Endoplasmic reticulum stress related IncRNA signature predicts the prognosis and immune response evaluation of uterine corpus endometrial carcinoma

Affiliations

Endoplasmic reticulum stress related IncRNA signature predicts the prognosis and immune response evaluation of uterine corpus endometrial carcinoma

Jun Chen et al. Front Oncol. .

Abstract

Background: Endoplasmic reticulum (ER) stress is closely related to the occurrence, development and treatment of tumors. Recent studies suggest ER stress as a therapeutic strategy of choice for cancer. However, ER stress-related long non-coding RNA (lncRNA) predictive value in endometrial carcinoma (UCEC) remains to be further evaluated. The purpose of this study was to establish relies on the signature of ER stress-related lncRNA forecast to predict the prognosis of patients with UCEC.
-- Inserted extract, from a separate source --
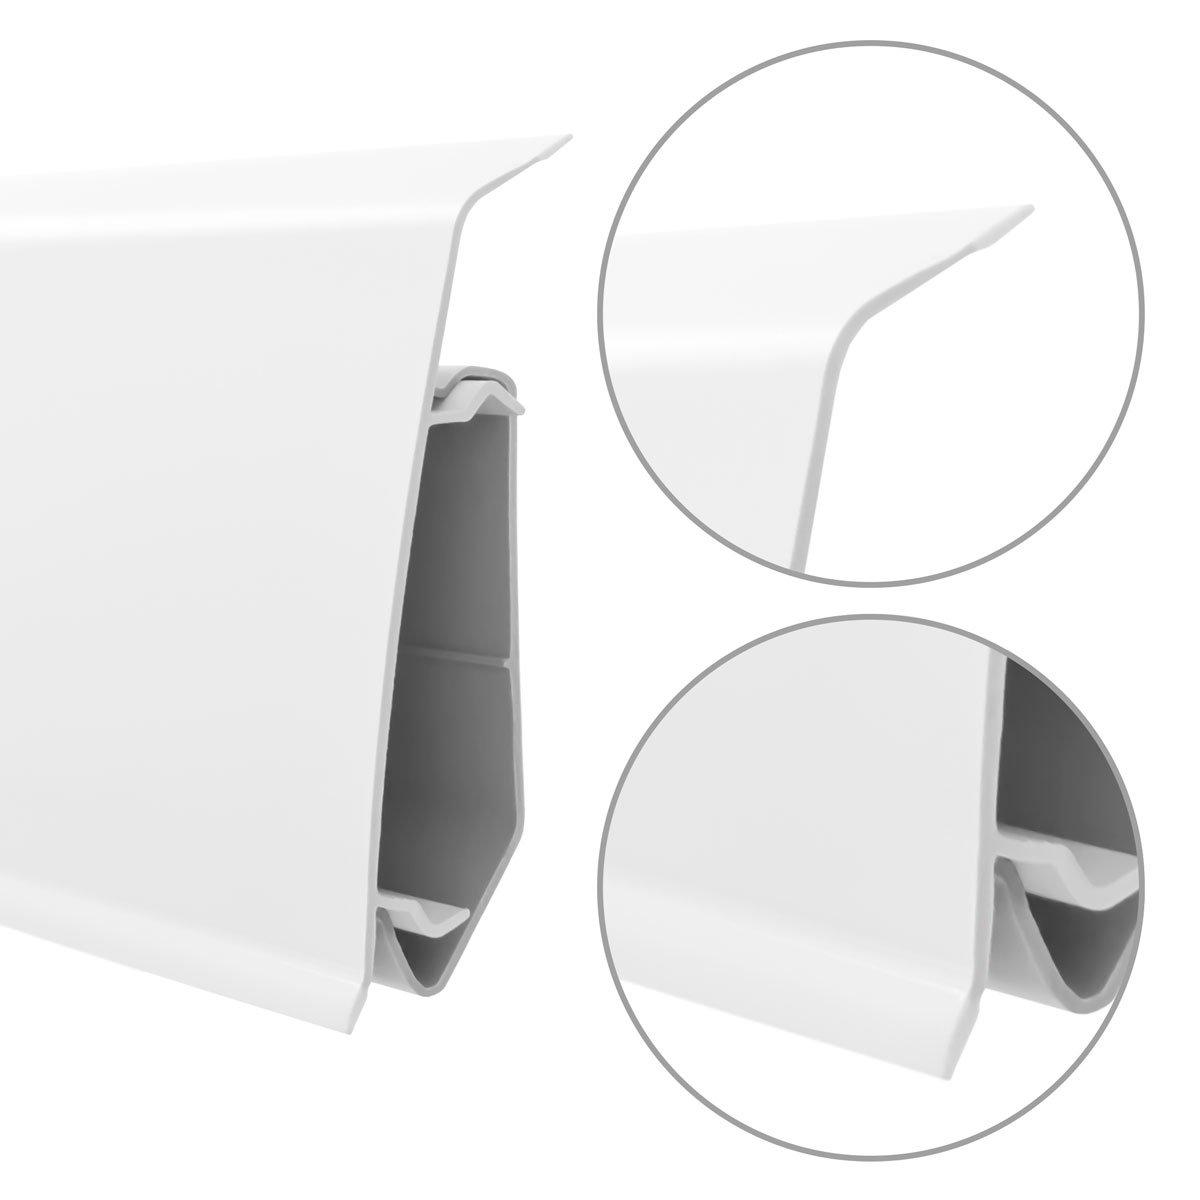 HOLZBRINK 200cm Sockelleiste Fussleiste 70mm x 20,7mm aus Kunststoff VEO 011 CHILLOUT EICHE

Methods: We downloaded the RNA expression profile dataset and matched clinical data from the Cancer Genome Atlas (TCGA) database, and applied univariate and multivariate Cox regression analysis to build predictive signature. Kaplan-meier method was used to evaluate overall survival (OS) and disease-free survival (DFS). Gene set enrichment analysis (GSEA) was used to study the functional characteristics. Single sample Gene set enrichment analysis (ssGSEA) was used to analyze the relationship between immune status and predicted signature. Correlations between the potential usefulness of treatment for UCEC patients and predictive signature were also analyzed.

Results: We established a signature composed of eight ER stress-related lncRNAs (MIR34AHG, AC073842.2, PINK1AS, AC024909.2, MIR31HG, AC007422.2, AC061992.1, AC003102.1). The signature of ER stress-related lncRNA provided better diagnostic value compared with age and tumor grade, and the area under the receiver operating curve was 0.788. The overall and disease-free survival probability of patients in the high-risk group is lower than that in the low-risk group. GSEA indicated that the pathways were mainly enriched for cancer, immunity and reproduction related pathways. ss-GSEA shows that prediction signature and activation of dendritic cells, immature dendritic cells, T helper cells and immune status of the Treg are significantly related. High-risk groups may against PD - 1/L1 immunotherapy and JNK inhibitors VIII, Z.LLNle.CHO, DMOG and JNK. 9 l more sensitive.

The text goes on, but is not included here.